I was stunned. I didn’t know what to say or do. I was going to intern with one of the best crew chiefs in the business, with one of the best drivers ever to get behind the wheel of a car. Roger smiled at my shock. “You alright there, girl?” he asked with a snicker.
“I … I don’t know what to say.”
“You don’t need to say anything. Report to Fuller’s garage tomorrow morning by eight o’clock sharp and be ready to work. They’re gonna challenge you in every way possible, so be ready. Not many women make it this far into the program and none has been as close as to work one-on-one with a crew chief. Be proud of yourself and prove this old fogy still knows what he’s talking about.”
I nodded, took my things and turned toward the door. “Thanks Roger. I won’t let you down.”
“I know, Antonia. See you in a few weeks.”
Chapter Two
Toni
I ran out into the bitter cold but didn’t feel a thing. I wasn’t thinking about the cold or the biting wind as I hurried across the parking lot.

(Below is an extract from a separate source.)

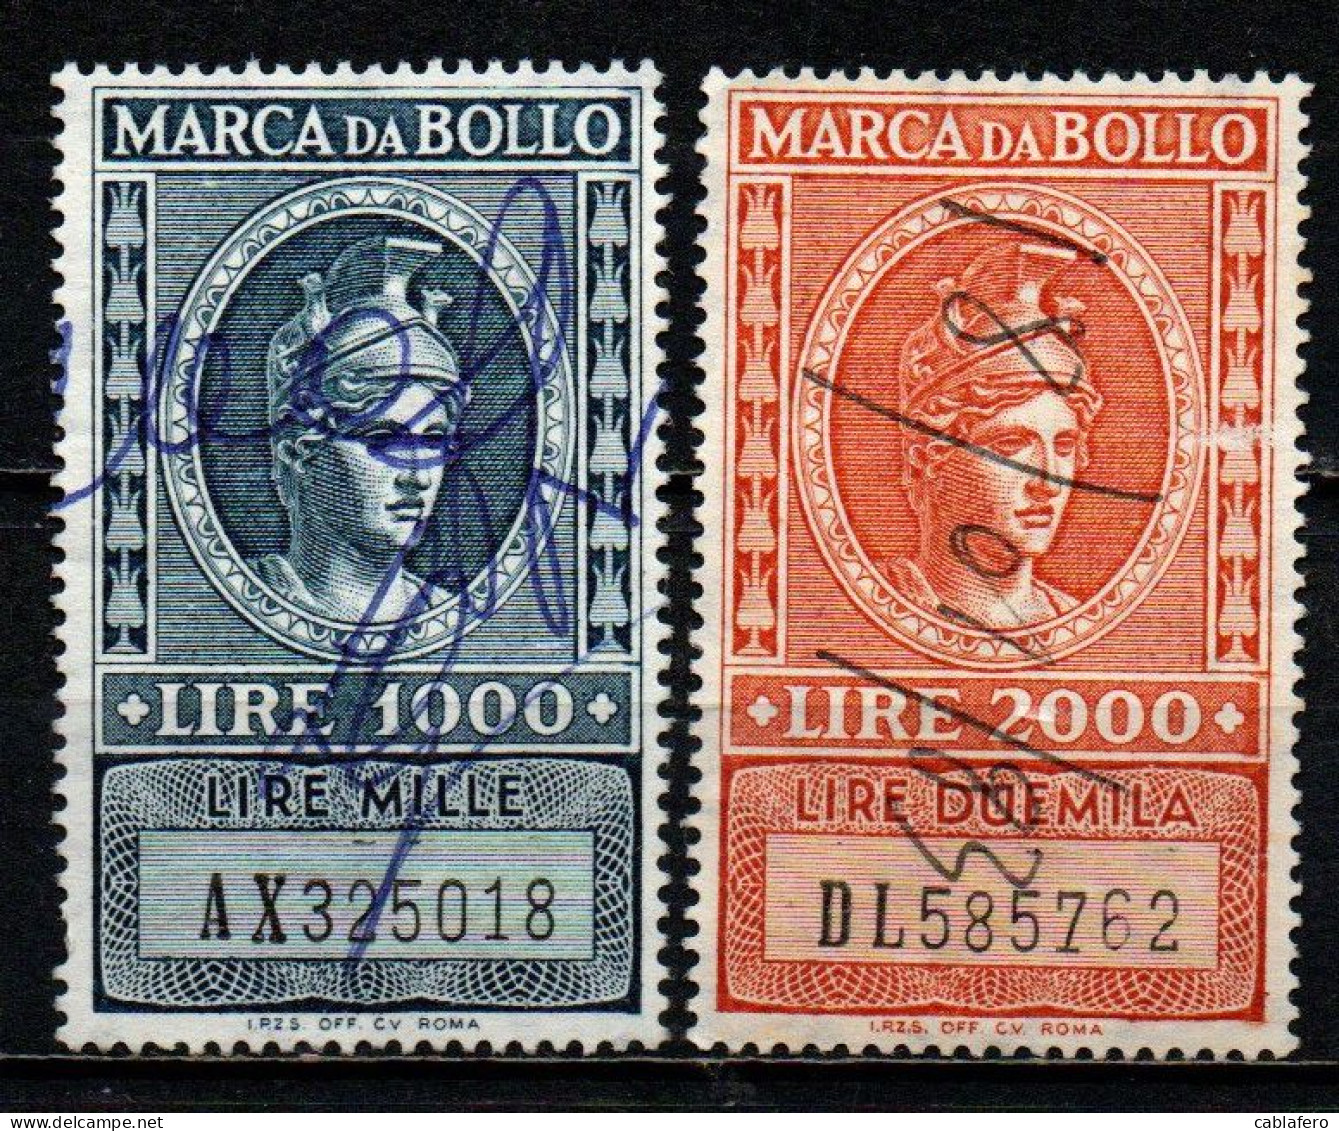 ITALIA REPUBBLICA - 1959 - MARCA DA BOLLO A TASSA FISSA - FILIGRANA STELLA - NUOVO FORMATO - USATI - Fiscali

I was too excited. My future, a future which was once almost out of reach, was now just in my grasp. Tomorrow, I would no longer be Toni the student or Toni the wanna-be mechanic, I would be Toni the NASCAR crew member. My stomach churned with nervousness and my hands trembled slightly, but I was more excited than I’d ever been for anything in my life.
Jumping into my truck, I immediately dialed my father as I turned the engine to warm the interior. I had to call him and give him the news. It was times like this I wished he were closer. I wished I could go to him and celebrate my exciting news with him. Times like this, I also missed my momma terribly. My sadness cleared the moment I heard my daddy’s voice reverberate through the phone. His deep and soulful voice was always a soothing sound for me. Just his voice calmed the nervousness flooding me. I smiled and breathed deeply, relaxing into the warmth of my seat.